El silencio cayó sobre ellas. Merle reflexionó sobre sus palabras. Quizás tenían razón.

"Míranos, tres adultas perfectamente funcionales (bueno, dos y medio)" bromeó Eriya, "enamoradas de los hermanos Fanel. ¿Qué es lo que tienen que han logrado que nos enamoremos de ellos? Si ni siquiera saben contar un chiste, ¡es terrible!"

Nariya rió alegremente y se ruborizó "El Maestro Folken es amable y tranquilo. Me gusta eso".

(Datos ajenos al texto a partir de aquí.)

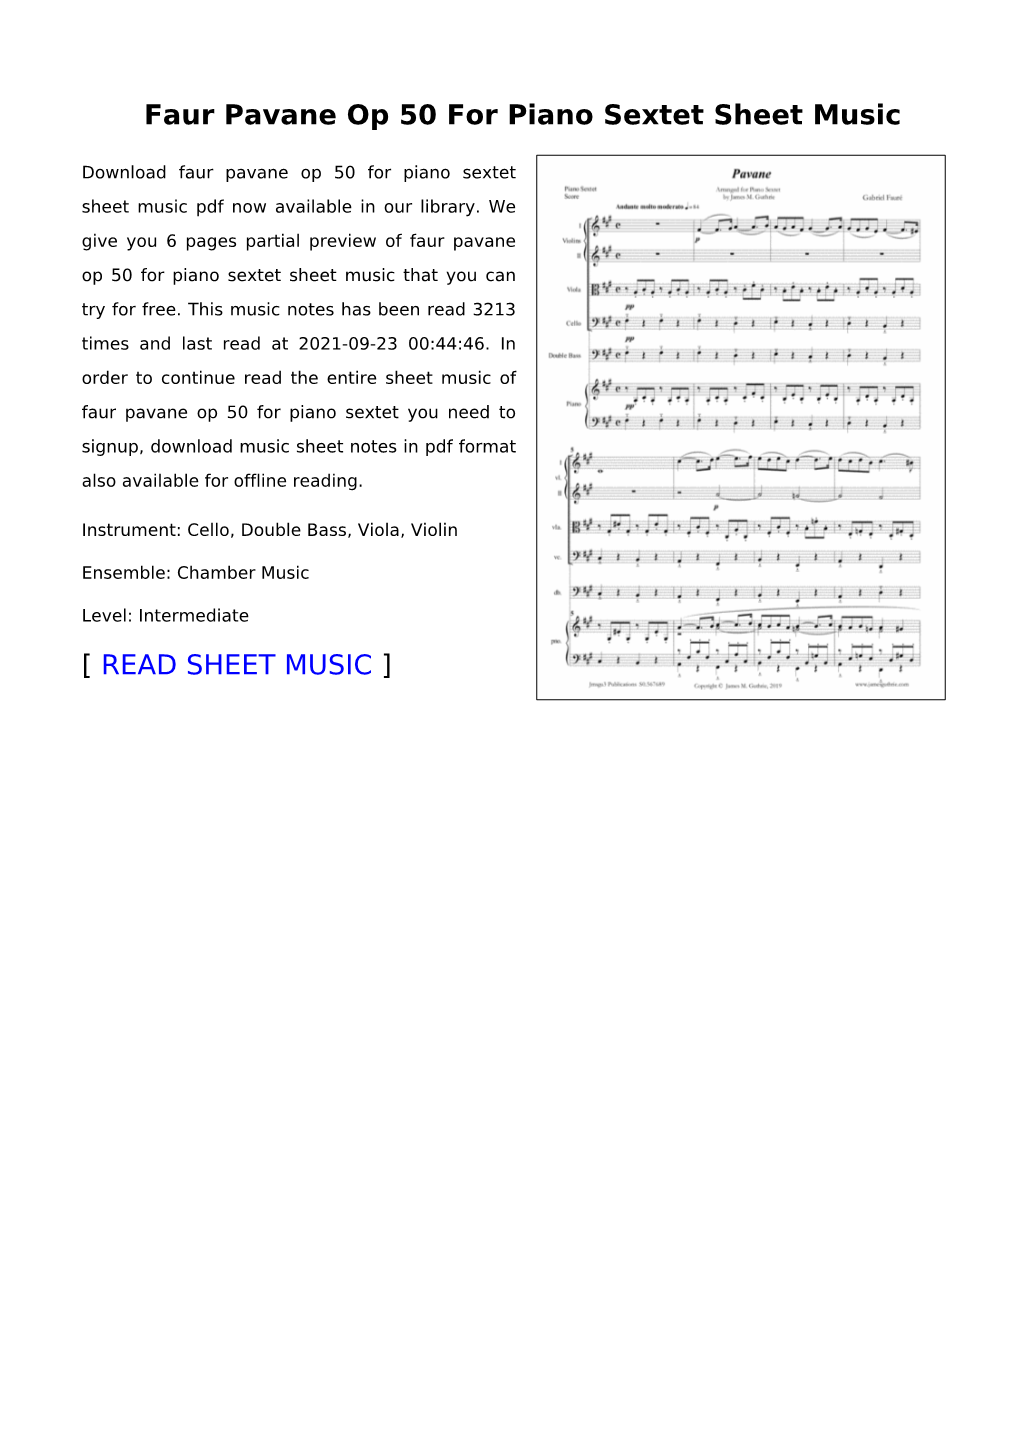 Faur Pavane Op 50 for Piano Sextet Sheet Music

"Además, es alto y musculoso, ¡es tan guapo! Le hemos visto sin el uniforme", añadió Eriya con una sonrisa lasciva, compartida con su hermana. Merle las miró boquiabierta.

"El Señor Van tiene un corazón amable, y también es generoso y…g-guapo, también. ¡Más que Folken! No sabe bailar, ¡pero tiene unas alas muy bonitas!", afirmó Merle. Se ruborizó, pensando en su querido Van-sama. Él jamás la dejaría sola.

"El Señor Folken también tiene unas preciosas alas negras y además baila muy bien", replicó Nariya mientras le seguía cepillando el pelo a Merle.

"Pero tienen el sentido del humor de una roca", finalizó Eriya, riendo abiertamente. Nariya y Merle se le unieron.

El mundo de Merle volvió a ser un lugar hermoso. Estaba segura que siempre estaría al lado de Van, y haría lo que fuera para hacerle feliz.